Indo-Pacific slender worm-eel

Scientific classification
- Kingdom: Animalia
- Phylum: Chordata
- Class: Actinopterygii
- Order: Anguilliformes
- Family: Ophichthidae
- Genus: Scolecenchelys
- Species: S. gymnota
- Binomial name: Scolecenchelys gymnota (Bleeker, 1857)
- Synonyms: Muraenichthys gymnotus Bleeker, 1857; Scolecenchelys gymnotus (Bleeker, 1857); Muaenichthys gymnotus Bleeker, 1857; Sphagebranchus huysmani Weber, 1913; Muraenichthys fowleri Schultz, 1943;

= Indo-Pacific slender worm-eel =

- Authority: (Bleeker, 1857)
- Synonyms: Muraenichthys gymnotus Bleeker, 1857, Scolecenchelys gymnotus (Bleeker, 1857), Muaenichthys gymnotus Bleeker, 1857, Sphagebranchus huysmani Weber, 1913, Muraenichthys fowleri Schultz, 1943

Species of fish

The Indo-Pacific slender worm-eel (Scolecenchelys gymnota, also known as the Slender worm eel) is an eel in the family Ophichthidae (worm/snake eels).
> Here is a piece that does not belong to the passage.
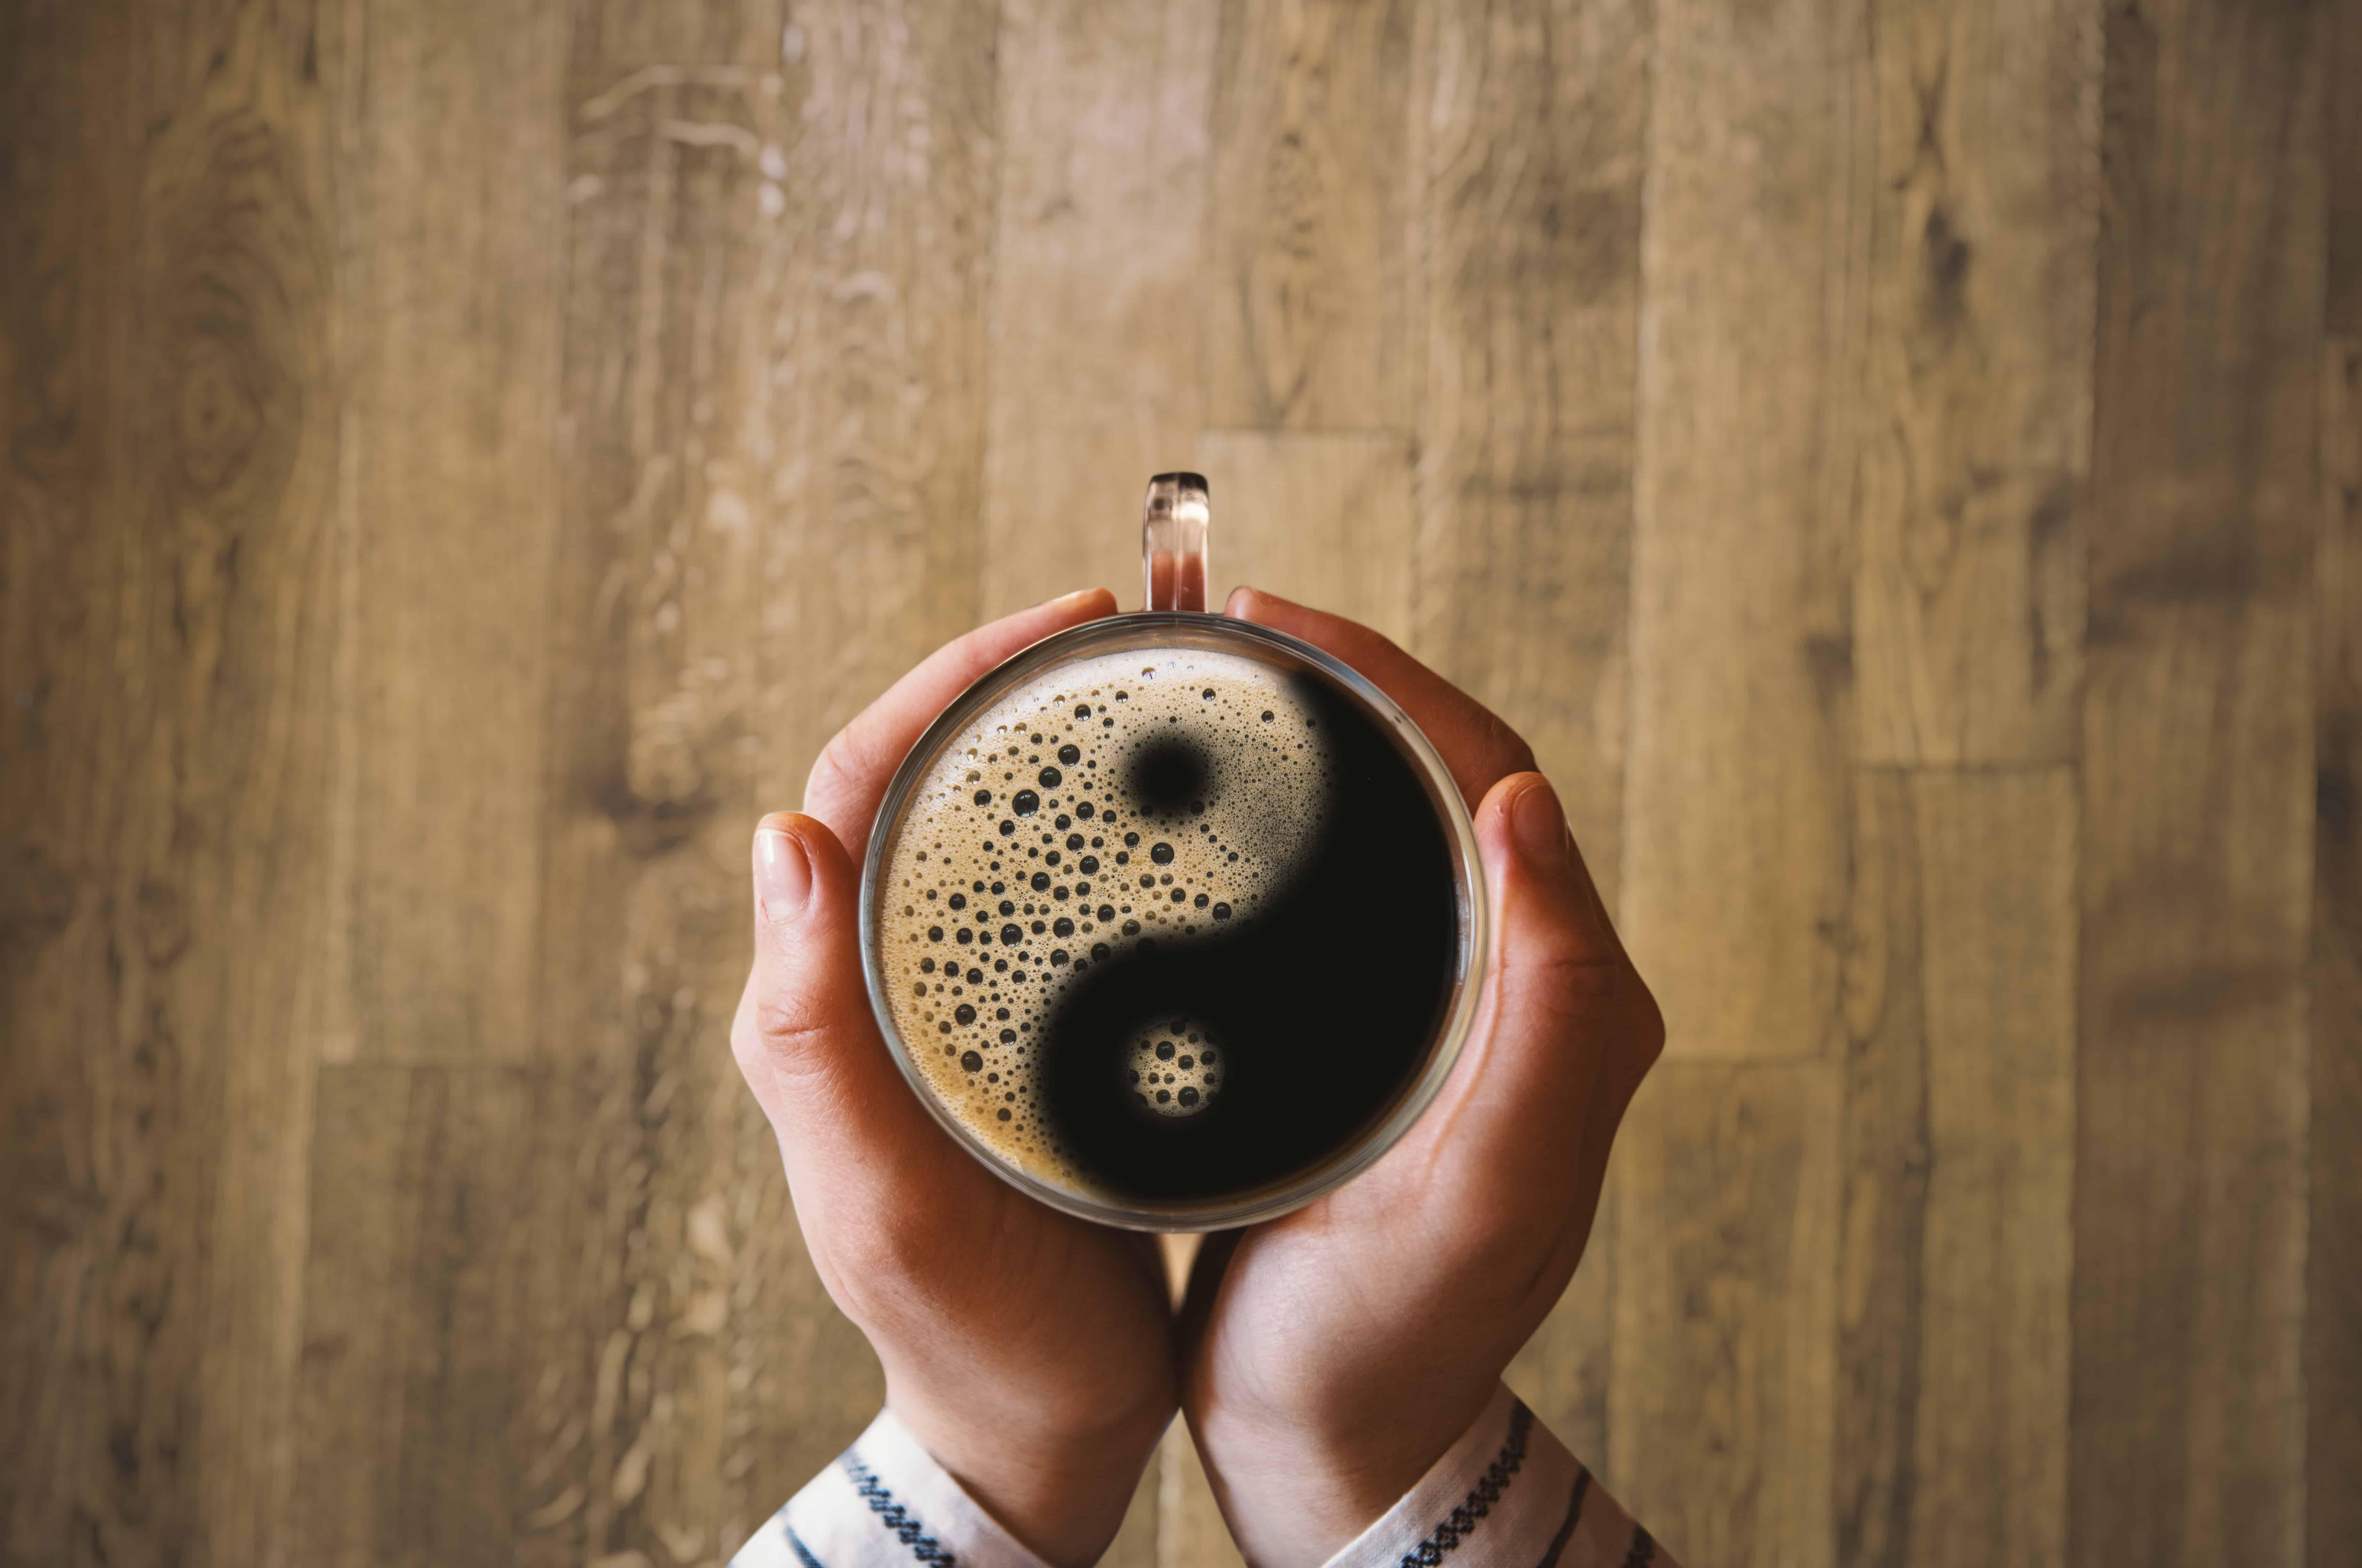 Descubre en qué consiste la teoría del ying yang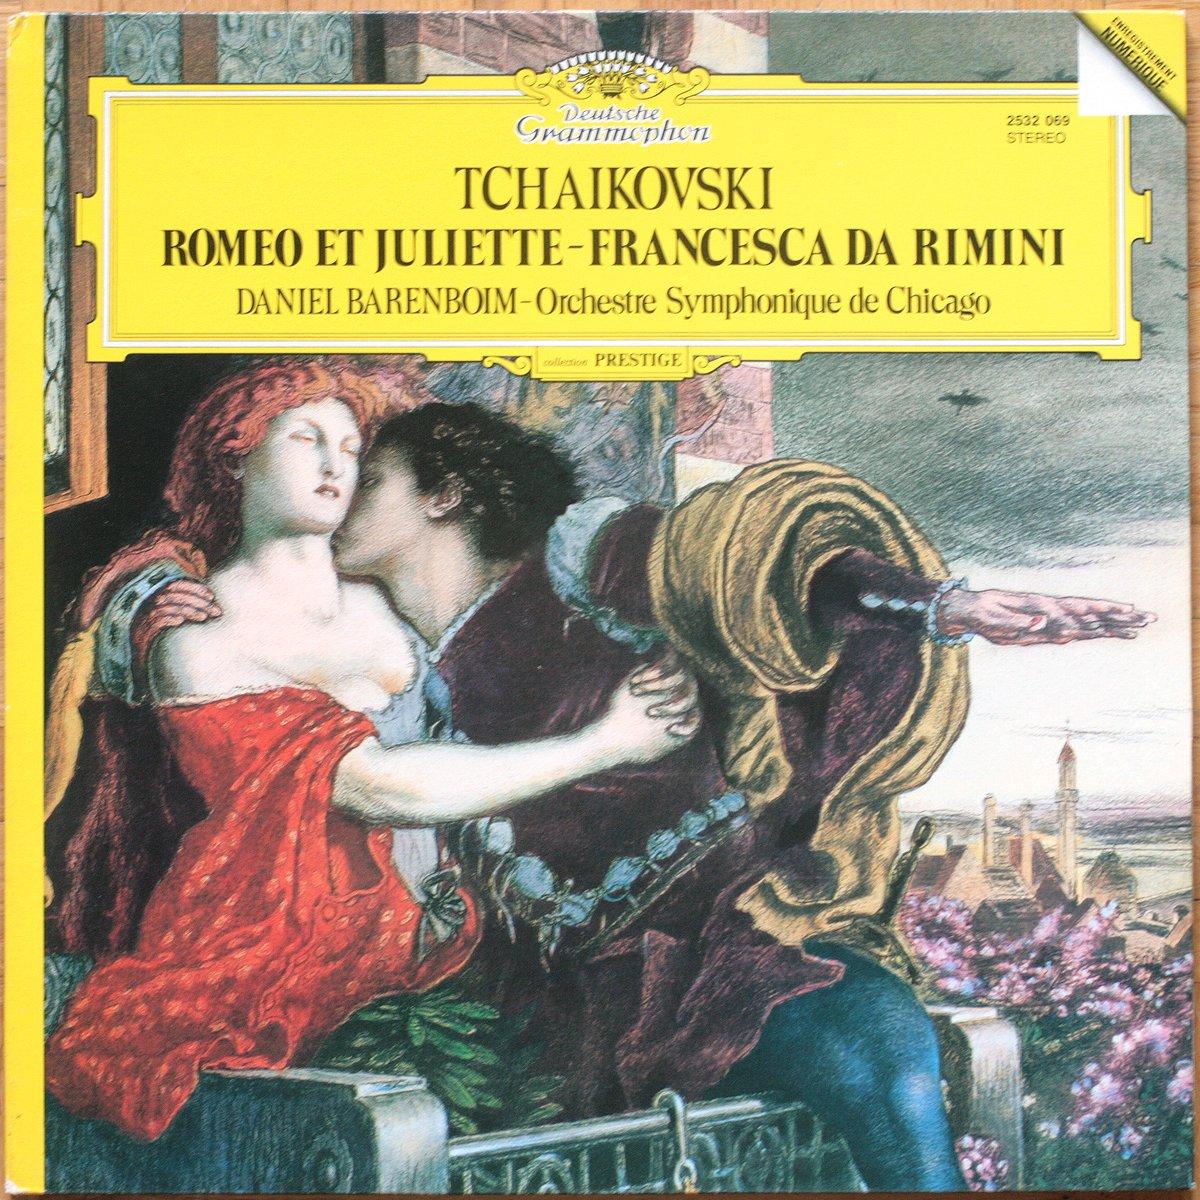 DGG 2532069 Tchaikovsky Romeo Barenboim

It was described by Pieter Bleeker in 1857. It is a marine, tropical eel which is known from the Indo-Pacific, including the Red Sea, East Africa, the Line Islands, the Society Islands, Johnston Island, Japan, Rapa Iti, Micronesia, and the southern Great Barrier Reef. It forms burrows in inshore sediments of loose gravel and sand. Males can reach a maximum total length of 38 cm.